- Born: Diana Monsell 1813 Ireland
- Died: 4 May 1851 (aged 37/38)
- Known for: botanical painting

= Diana Conyngham Ellis =

Northern Irish botanical painter

Diana Conyngham Ellis (née Monsell) (1813 - 4 May 1851) was a botanical artist from Ireland.

==Life==
Diana Monsell was born, most probably in County Londonderry, in 1813. She was the eldest daughter of the four children of the Archdeacon of Derry, Thomas Bewley Monsell, and Jane Rae. Her brother was the clergyman and hymn-writer, John Samuel Bewley Monsell. She married Conyngham Ellis, her first cousin, on 29 December 1842 at Dunloe Church. Initially a barrister, Conyngham Ellis left the profession to become a vicar, serving in Cranbourne, Windsor, Berkshire. Ellis died aged 37 or 38, on 4 May 1851. The book by Ellis as Mrs Conyngham Ellis, Conversations on human nature for the young, appears to have been printed posthumously.

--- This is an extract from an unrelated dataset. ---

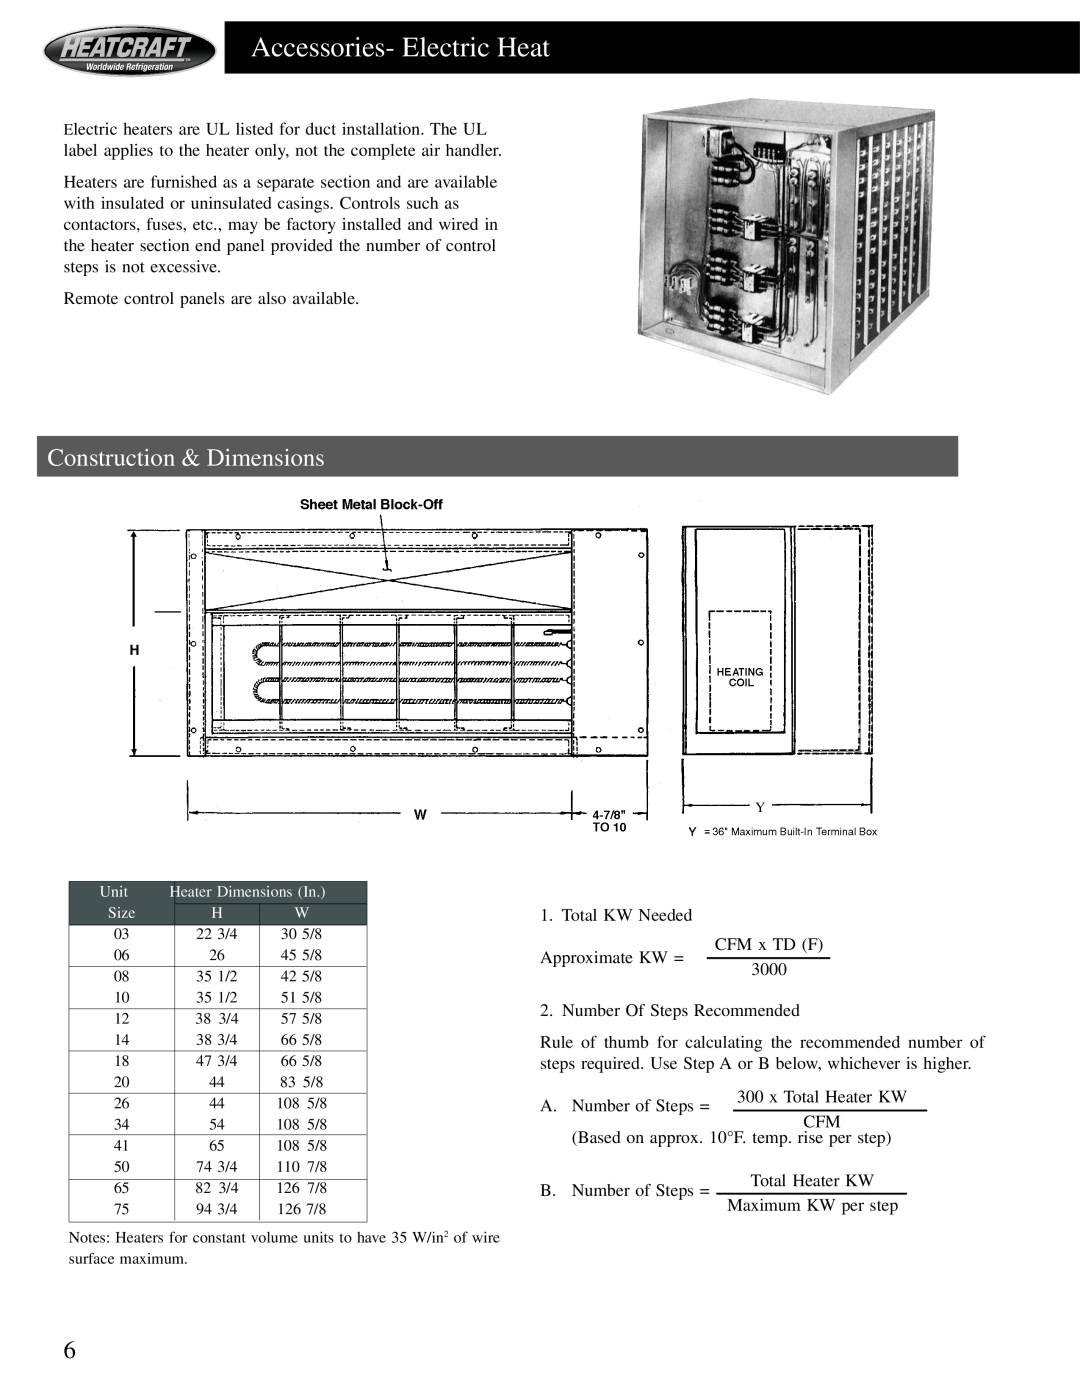 Heatcraft Refrigeration Products HCS manual Accessories- Electric Heat, Construction & Dimensions

A watercolour portrait of Ellis by Frederick William Burton is in the collections of the National Gallery of Ireland.

==Artistic work==
Ellis' body of work consists of 68 flower and foliage water colour drawings. It is not known if Ellis received any form of training, though her work is typical of its time. Her studies were of common local plants, mostly those found in fields and hedgerows, such as primroses, bluebells, and violets. The work has been lauded for its accuracy and realism.

The mounted album of her work is held in the collections of the National Gallery of Ireland. Burton commented on her work: "I have not for a long time seen anything that gave me so much pleasure to dwell on ... they make my own work appear rude and false that I am more than ever alive to my defects."